From a distance it seemed, he heard her mezzo-soprano softly singing “Summertime,” or perhaps he dreamed it. Surely, her fingers loosened his tie, or he only sensed it. When he awoke, her arms held him, and his lips pressed against her belly. As if Providence were toying with him, his first thought was that one day his own child would grow there.
“Have I been asleep?” he asked her, sitting up and looking around the room.
Her fingers smoothed his hair. “For more than an hour.”
A look at his watch told him that it was one-thirty in the morning. “I’ve abused your hospitality. I certainly didn’t mean to sleep, but I felt so…so much peace. Do you want me to leave?”
He couldn’t believe his good fortune. For an answer, she leaned toward him and pressed her parted lips to his. Excitement plowed through him, and he stood, put her in the bed and cherished her. She opened up to him as a flower unfolds its petals to the sun and gave herself to him. When he could no longer contain the awesome feeling of love that his heart held for her, he gave in to it and exploded into her pulsating warmth, certain that she was the only woman he would ever want.
“You’re mine and I love you.” The words tore themselves out of him as, for the first time in his life, he lost control completely and like a spent shell, collapsed, trembling, in her arms.
The next morning, he went with his brothers to the minister of the interior, pushing aside the resentment he felt for having to leave Pamela.
“What’s going on with you and Pamela?” Telford asked him when they were on the way back to the hotel, a signal to him that he hadn’t treated that conference with his usual critical skepticism. “You seem a bit preoccupied,” Telford added.
“We’re…fine. She’s… I don’t know, man.”
“As long as she makes you happy. That’s what counts.”
He knew Telford was feeling him out. They were and always had been close, and he hadn’t shared with his brother his feelings about Pamela. “Nothing’s wrong, Telford. I’m finding my way.”
Telford’s grin melted into a laugh. “She’s got your number, eh? Man, I remember it well!”

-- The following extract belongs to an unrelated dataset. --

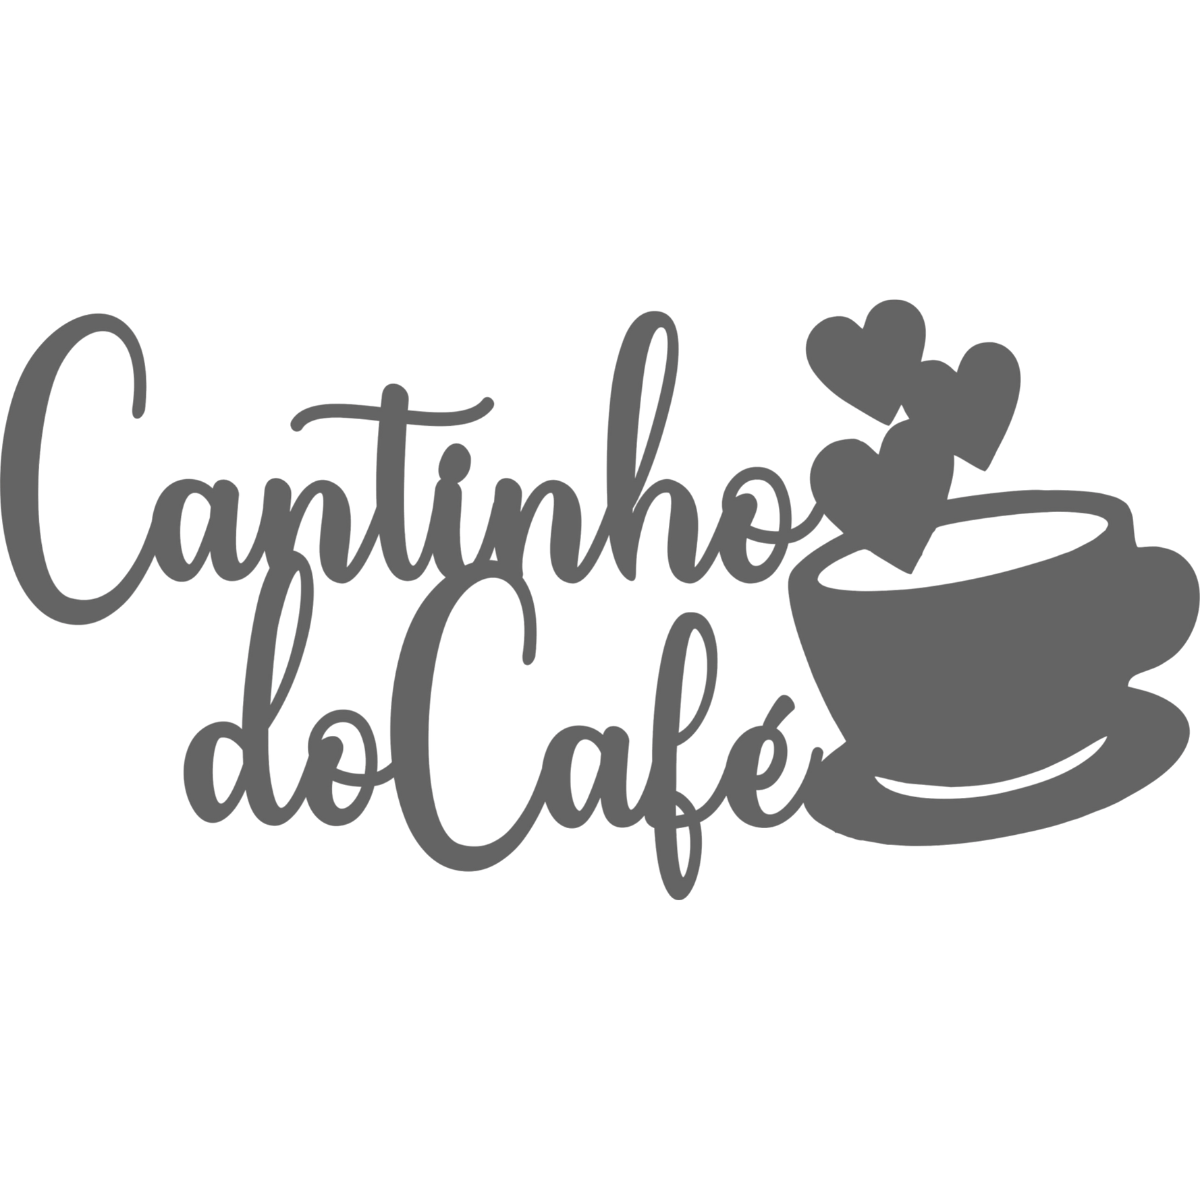 Cantinho do Cafe - Xícara - Decorativo - MDF - Preto - Quadro Frase Letreiro - 58x30cm

He didn’t see the point in answering; it was useless to lie and, moreover, he didn’t want to. That afternoon, he ignored his brothers and their wives and spent as much time as possible alone with Pamela. He couldn’t get enough of her, and she welcomed his every gesture of affection. They played darts and various card games, and swam several laps in the pool.
“Ladd has invited all of us to dinner at his home tomorrow evening, but don’t expect Ghanaian food, or at least not a full meal of it. Both he and Doris, his wife, prefer American and continental dishes. I suspect it will be a formal occasion, though, because he’s probably also asked some of the local bigwigs.”
Pamela dressed for dinner that evening in the long peach-colored chiffon sheath that she wore to Rhoda’s garden party. She draped a matching stole around her shoulders, picked up the silver bag that matched her shoes and took the elevator down to the lobby where Drake waited for her. She breathed a sigh of relief when she saw that Velma and Alexis wore dresses similar in fashion to hers.
The dinner began with peanut soup, which she thought was delicious. Before the next course was served, however, she noticed that Selicia Dennis, the woman seated at Drake’s left, occasionally put her right arm around his shoulder, patted his knee from time to time and attempted to monopolize him. When Russ’s gaze moved repeatedly from Pamela to the woman, Pamela positioned herself to get a good look at her. What she saw was an average-looking, well-gowned woman of thirty to thirty-five years who couldn’t keep her hands off Drake. Fuming at the attention Drake seemed to pay the woman, she waited until after dessert was served, excused herself, went to her room and locked the door.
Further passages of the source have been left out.